Умная мать пожала плечами. Негiр так негiр, какая к бесу разница. Но девочка, возмущенная вмешательством и наглым посягательством, затопала ножками. Брызнули горькие слезы.

– Нiгер, нiгер, нiгер! – закричало дитя в истерике.

Испуганная мать единым махом подхватила свои два мешка. Неведомо как и неведомо чем ухватила доньку за ладонь и потащила за собой, благо на станции стало свободнее, гражданских заметно убавилось, сновали главным образом армейцы с эшелонов.

«Наш идиот Коханчик верен себе», – лениво подумала Бася. И вздрогнула: при чем тут Коханчик? Вот ведь припомнилось. Не к добру.

А глас, совсем уж ни к селу, пророкотал с небес вторично.

– Барбаро Карлiвно! Чи ви теж до нас?

– Та нi, – не думая, в тон гласу ответила Барбара, – я до мiстнаросвiти.

– Так i ми до неї! Вiтаϵмо! З поверненням!

Бася ощутила на себе удивленные взгляды супругов. Приподняла наконец-то глаза. И замерла. Можно сказать, остолбенела.

По борту вагона, украшенного выцветшими на солнце китайцем, негром, империалистом и колонизатором, по верхнему краю тянулась красивая, тоже подвыгоревшая и потрескавшаяся надпись «Агитационный поезд им. Карла Либкнехта». А в прямоугольном оконце, прямо напротив, светилась непонятной, необъяснимой радостью усатая физиономия незабываемого Коханчика.

– Здравствуйте, Афанасий Гордеевич, – проговорила Барбара. – Рада вас видеть.

И тут же раздался еще один голос. Следом еще один. Третий, четвертый.

– Баська! Господи! Зинка, сюда, здесь Баська! Нашлась наша гордая полячка, отыскалась! Барбара Карловна! Варя!

На перекличку голосов кое-кто за Басиной спиной стал оборачиваться. Скривил лицо, услышав про полячку, одноногий солдат с костылями.

– Баська! – Пятый голос, мужской, донесся откуда-то сбоку.

Бася повернулась. Без удивления. Точно, он. Главхуд. Спрыгнул с лесенки вагона, подбегает. Волосы цвета спелой ржи. Полезет целоваться? Полез. Что же, можно и поцеловаться, сколько месяцев не целована.

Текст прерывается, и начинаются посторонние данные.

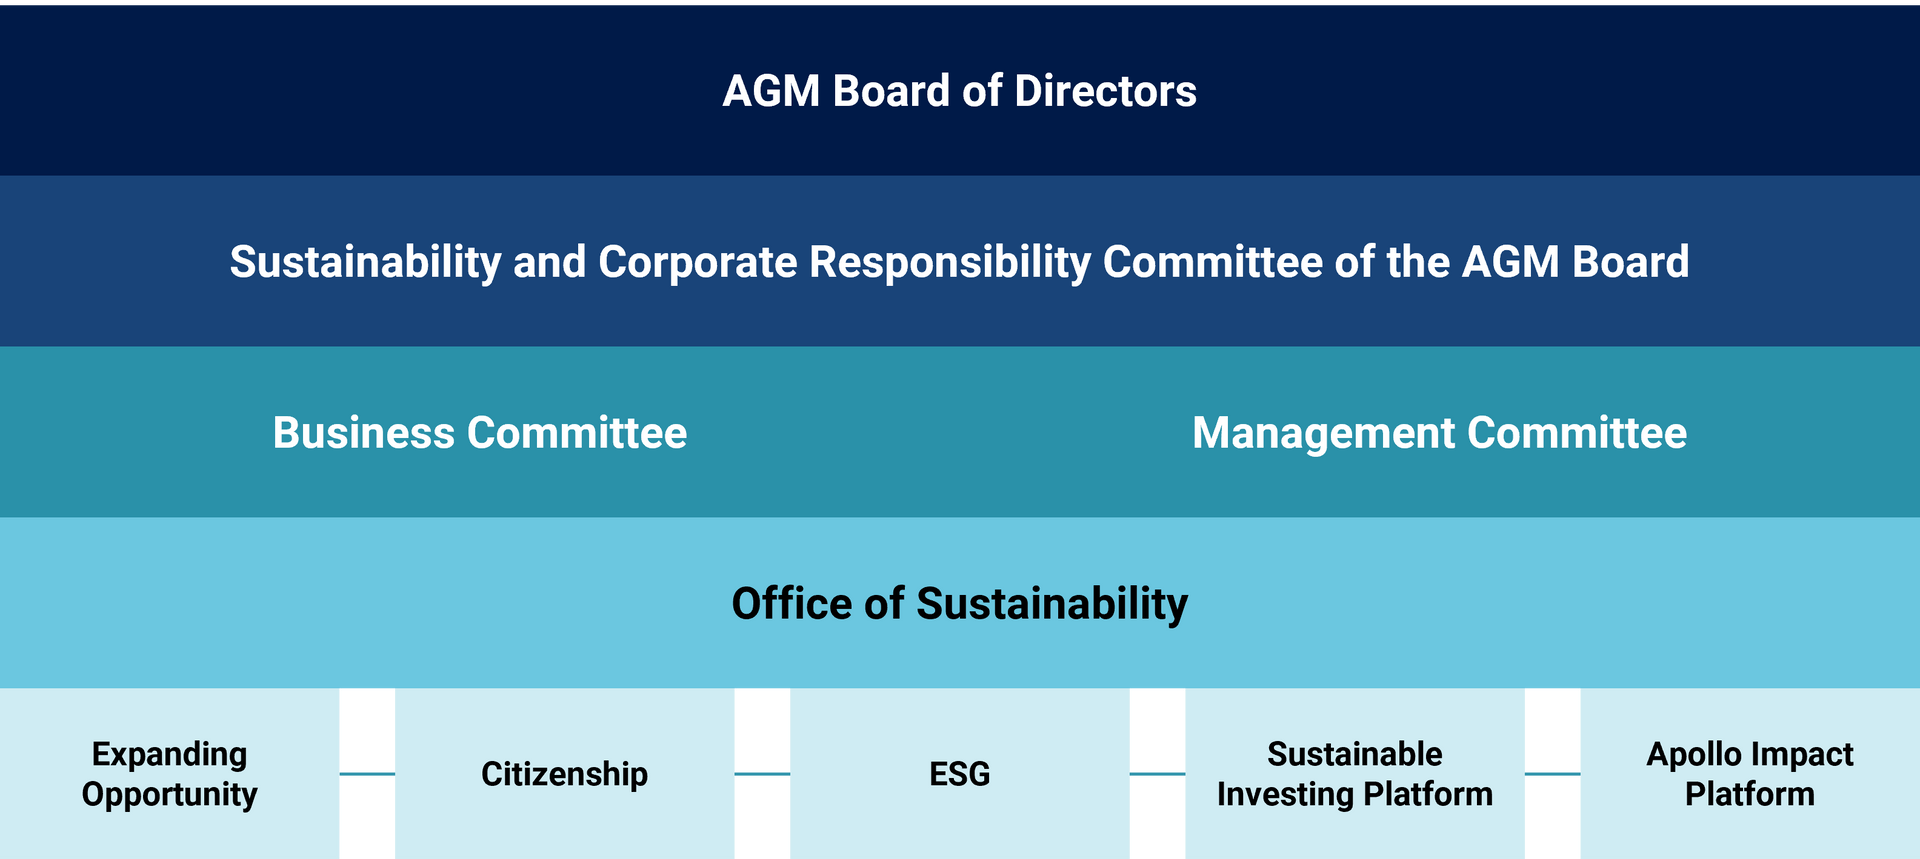 Sustainability ecosystem at Apollo; Apollo Global Management (AGM) Board of Directors; Sustainability and Corporate Responsibility Committee of the AGM Board; Business & Management Committees; Office of Sustainability; Expanding Opportunity, Citizenship, ESG, Sustainable Investing Platform, Apollo Impact Platform

– Здравствуй, ежик. Как ты? Где Аделиночка?

– Аделиночка? – Херинацеус выглядел озадаченным. – Аделиночка здесь, но собственно…

Подбежавшая следом за Кудрявцевым Голицына, символически чмокнув Басю в щечку, внесла в беседу недостающую ясность. По-древнегречески. Всё же институтка, что-то зазубрила, помнит пару наиболее затасканных сентенций.

– Панта рей, Басенька, панта рей46.

– Натуралитер, – подтвердил из окна Гросс-Либхабер.

Судя по продолжавшим шевелиться губам, сепаратист на советской службе высказывал что-то еще, но слова петлюровского недобитка, по счастью для Европы и человечества, утонули в горделивом пенье труб, призывном бое барабанов, стоне скрипок, переборе гармоник, в тревожном цокоте конских копыт.

Бася прикрыла глаза. L’Internationale! Как тогда на Брянском. L’Internationale! Как тогда, с Костей, Зеньковичем, поэтом, наркомом, женой Ульянова, американским репортером Ридом. L’Internationale, тупая морда в вышиванке! Ты слышал, чучело, ты понял?

Бася развернулась – посмотреть, что происходит. Нет, не видно, жалко, не видно, загораживало станционное здание. Но Бася, и не только Бася, поняла – как тут было не понять! Со своими трубами и барабанами, под приветствие местного оркестра шли походом на Врангеля эскадроны Конной армии.

(К слову, никакой вышиванки на Коханчике не было. На людях он носил пиджак и темно-синий с искоркой галстук. Даже удивительно, что Бася так о нем подумала. Непонятно и необъяснимо.)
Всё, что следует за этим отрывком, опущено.